Here is the (java) code:
import java.util.*;
public class Maze
{
static int MAXN=10;
static int W=MAXN+2;
static int[] field=new int[W*W];
static int[] path=new int[W*W];
static int[] vis=new int[W*W];
static int longest;
static int x1,y1,x2,y2,N;
static long time;
static int transform(int x, int y)
{
return (y+1)*W+x+1;
}
static int[] detransform(int z)
{
return new int[]{(z%W)-1,(z/W)-1};
}
static void go(int z, int d)
{
if(vis[z]>1)
{
if(vis[z]==11 && d>=longest)
{
longest=d+1;
System.out.println(“new longest: “+longest+”. found after: “+(System.currentTimeMillis()-time)/1000.0+” seconds”);
for(int i=0;i<d;i++)
path[i]=field[i];
path[d]=z;
drawMaze();
}
}
else
{
field[d]=z;
vis[z]++; vis[z+1]++; vis[z-1]++; vis[z+W]++; vis[z-W]++;
go(z+1,d+1); go(z-1,d+1); go(z+W,d+1); go(z-W,d+1);
vis[z]–; vis[z+1]–; vis[z-1]–; vis[z+W]–; vis[z-W]–;
}
}
static void initMaze(int xx1,int yy1, int xx2, int yy2, int NN)
{
longest=0;
x1=xx1; y1=yy1; x2=xx2; y2=yy2; N=NN;
System.out.println(“\n***************************************”);
System.out.println(“* Testcase: x1=”+x1+”, y1=”+y1+”, x2=”+x2+”, y2=”+y2+”, N=”+N);
System.out.println(“***************************************”);
Arrays.fill(vis,2);
for(int i=0;i<N;i++)
for(int j=0;j<N;j++)
vis[transform(i,j)]=0;
}
static int nastyMaze(int xx1,int yy1, int xx2, int yy2, int NN)
{
initMaze(xx1, yy1, xx2, yy2, NN);
int start=transform(x1,y1);
int goal=transform(x2,y2);
vis[start]=1;
vis[goal+1]=10; vis[goal-1]=10; vis[goal+W]=10; vis[goal-W]=10;
time=System.currentTimeMillis();
go(start,0);
System.out.println(“\nsearch done. it took: “+(System.currentTimeMillis()-time)/1000.0+” seconds”);
drawMaze();
return longest;
}
static void drawMaze()
{
char[][] grid=new char[N][N];
for(int i=0;i<N;i++)
Arrays.fill(grid[i],’#');
for(int i=0;i<longest;i++)
{
int[] res=detransform(path[i]);
grid[res[1]][res[0]]=’.';
}
grid[y1][x1]=’S';
grid[y2][x2]=’F';
System.out.println(“draw maze:”);
for(int i=0;i<N;i++)
System.out.println(grid[i]);
System.out.println();
}
public static void main(String[] args)
{
System.out.println(“longest shortest path: “+nastyMaze(1,2,4,1,8)); // example case
System.out.println(“longest shortest path: “+nastyMaze(0,0,0,6,7)); // simple zig zag figure
System.out.println(“longest shortest path: “+nastyMaze(0,0,0,7,8));
System.out.println(“longest shortest path: “+nastyMaze(0,0,7,7,8));
System.out.println(“longest shortest path: “+nastyMaze(0,0,0,1,8)); // oops, cornercase
System.out.println(“longest shortest path: “+nastyMaze(3,3,6,6,9)); // nice path, but running time 21 sec
//This one takes 210 second on my computer, so I commented it out
//Best case is found after 14 seconds
//System.out.println(“longest shortest path: “+nastyMaze(0,0,8,8,9)); // simple zig zag good, but not best
}
}
December 10, 2007 at 11:07 am |
Nice problem!
January 28, 2008 at 1:32 pm |
Don’t you write programming problems anymore?
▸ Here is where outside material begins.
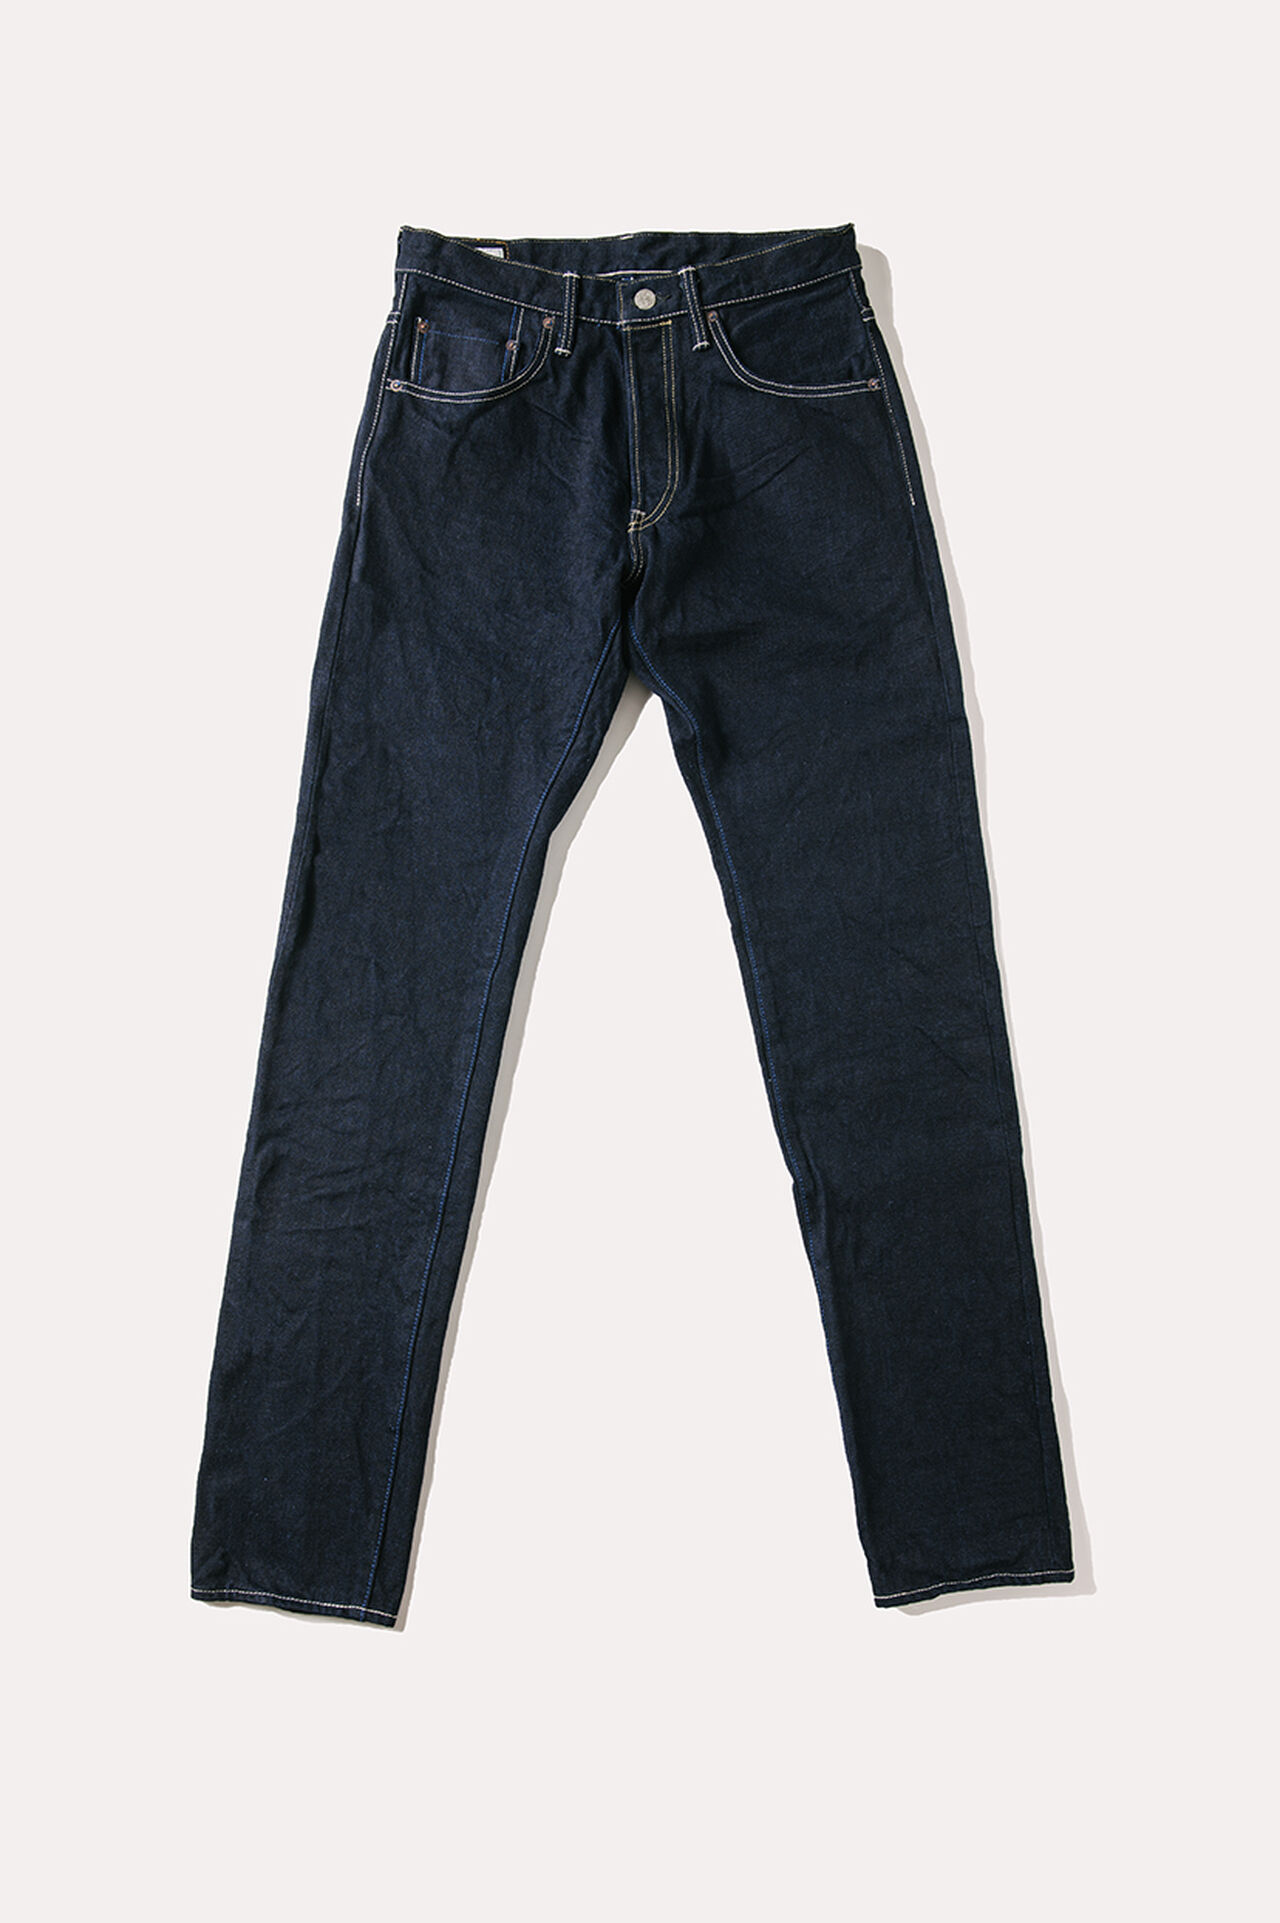 YUHT 16.5oz Natural Indigo "Yurai" High Tapered Jeans,, large image number 10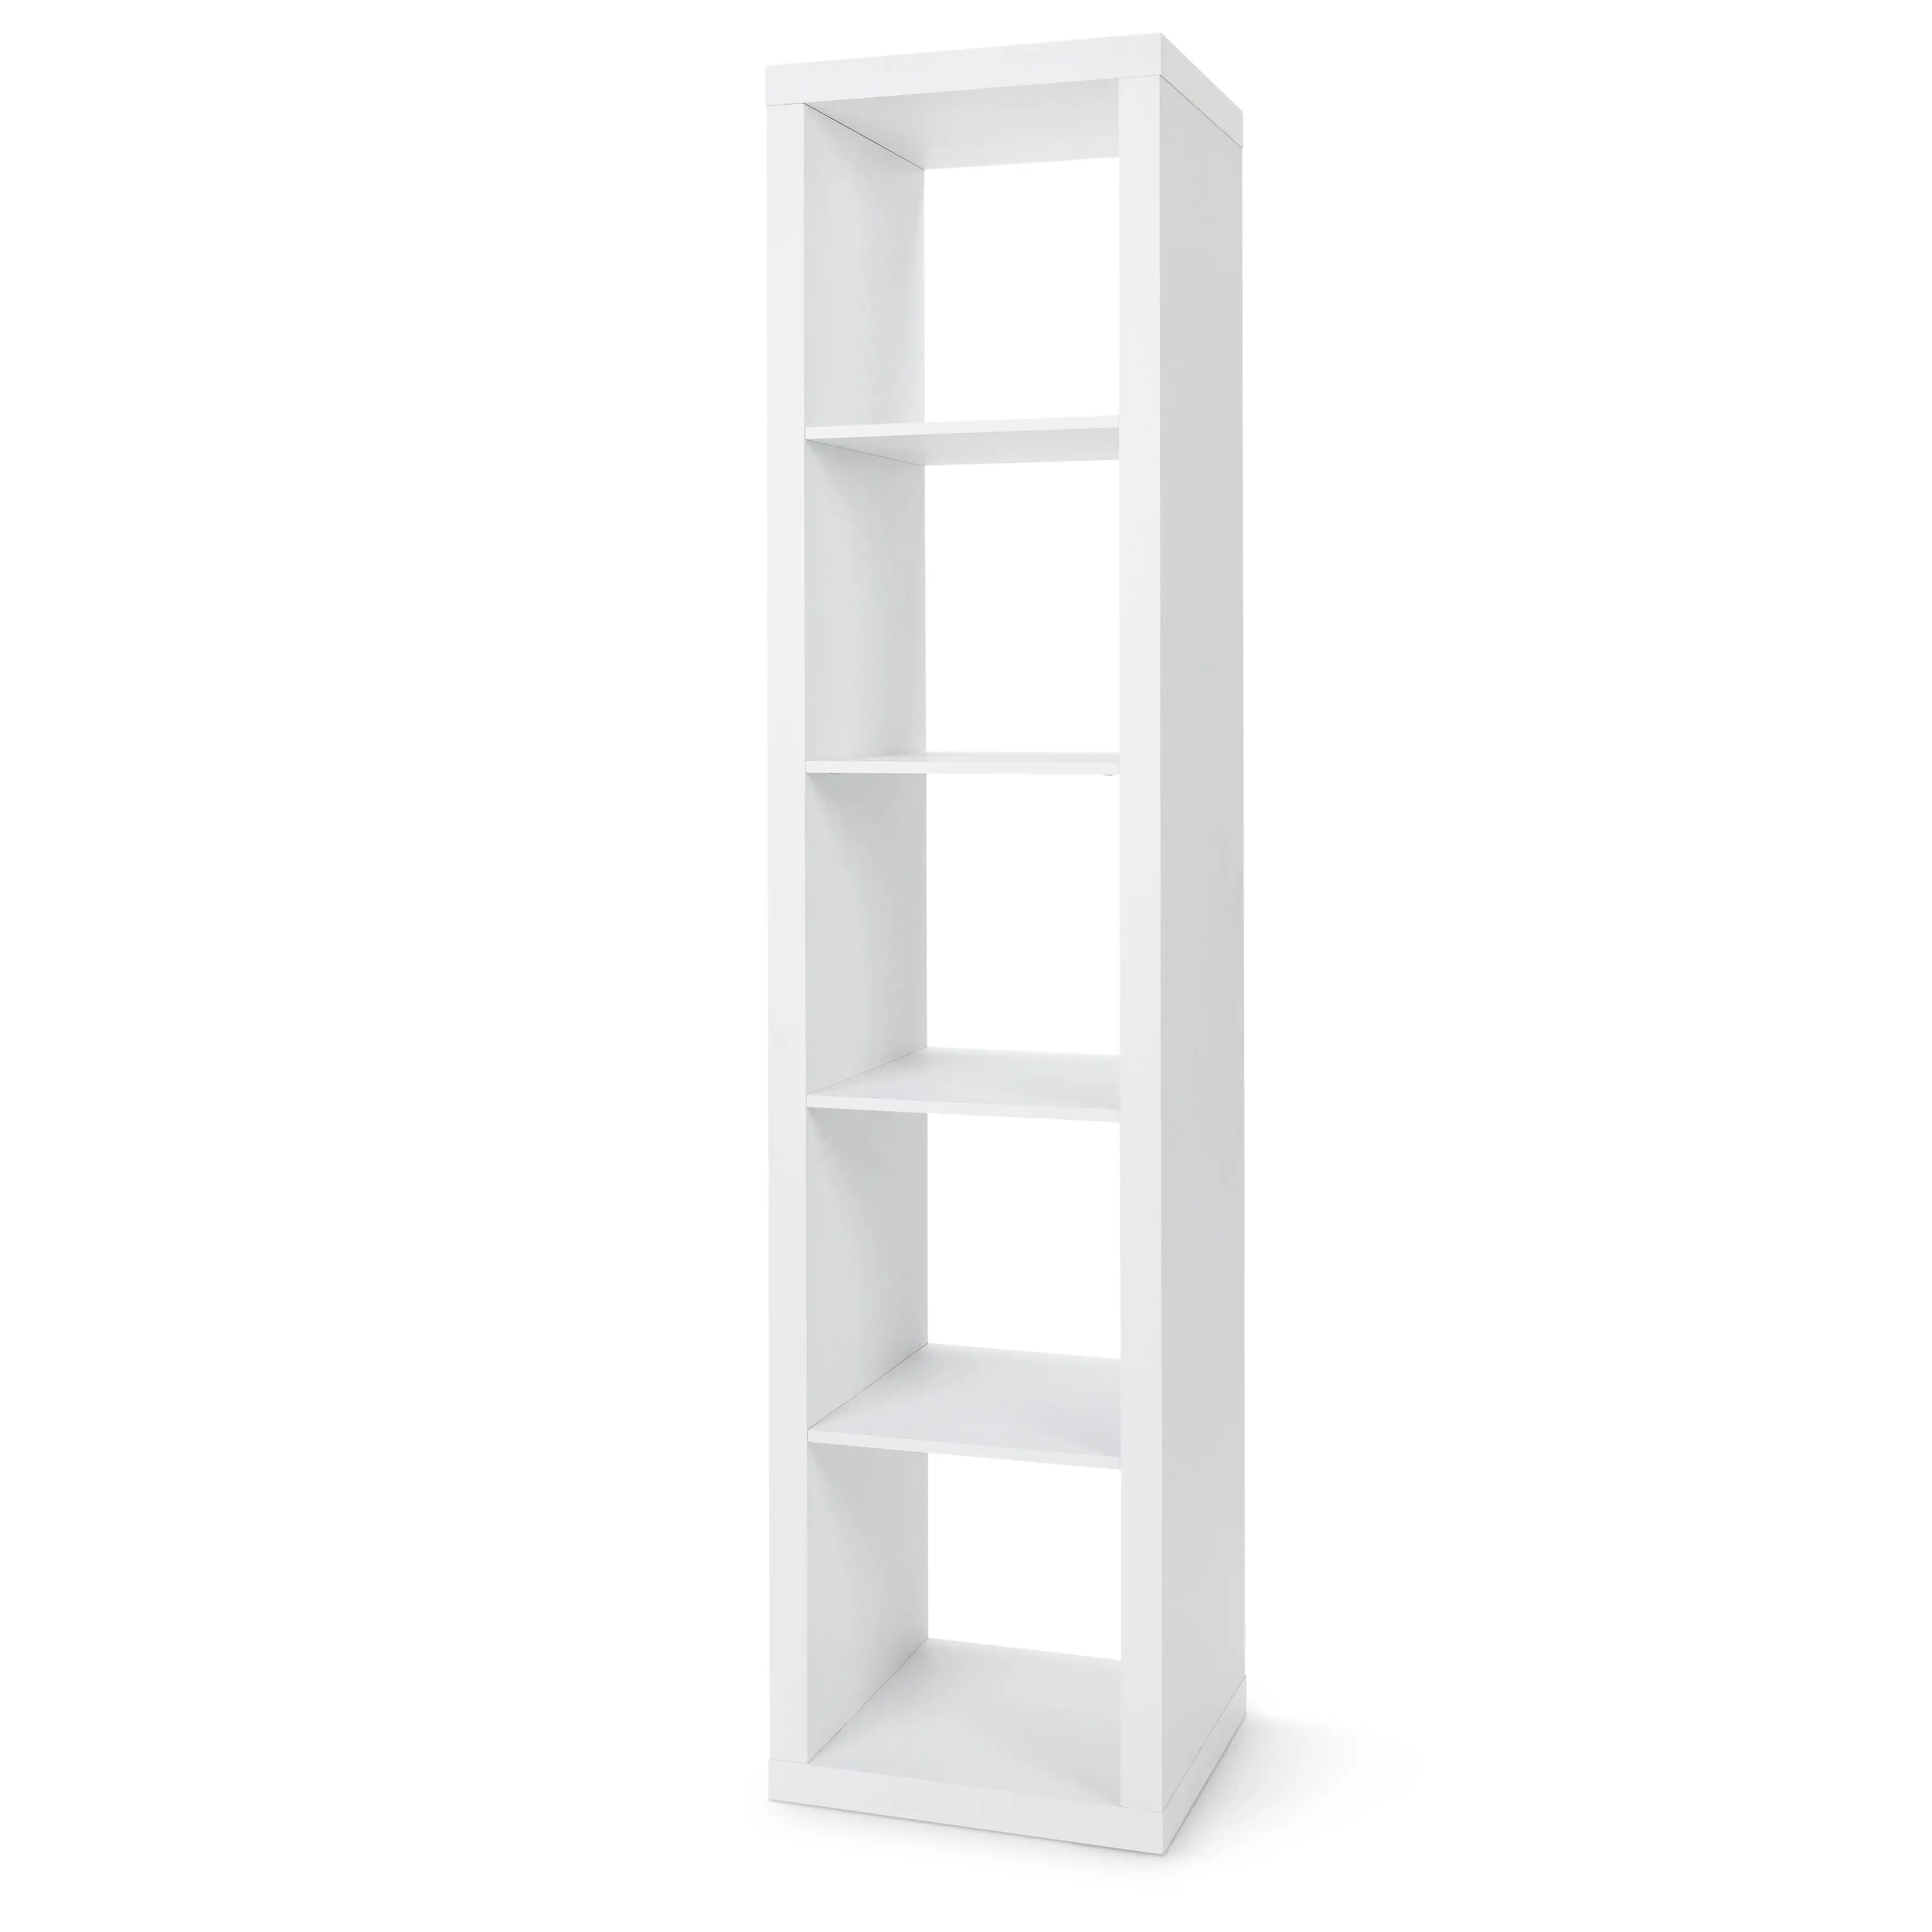 

Better Homes & Gardens 5-Cube Vertical Storage Organizer, White Texture furniture storage cabinet living room cabinets

January 28, 2008 at 2:11 pm |
I had a document containing a lot, but it got lost… I’ll try to remember some or think up some new ones quite soon.
March 13, 2008 at 7:33 am |
You could use this for Desktop Tower Defense!
September 6, 2008 at 11:46 pm |
So you’re asking people for the A* method?
September 7, 2008 at 2:30 pm |
I don’t think so. You’re not finding the path through an existing maze, but finding a maze which makes the shortest possible path between two points as long as possible.
The naive way is to build every single possible maze and then test the shortest path between the points on each one.
But an NxN grid has N*N tiles and each can be filled/empty, so there are 2^(N*N) possible mazes. And then A*/BFS/DFS are not trivial (I think O(N^2)) that would give the whole algorithm something like O(2^(N^2).N^2) which is horrific!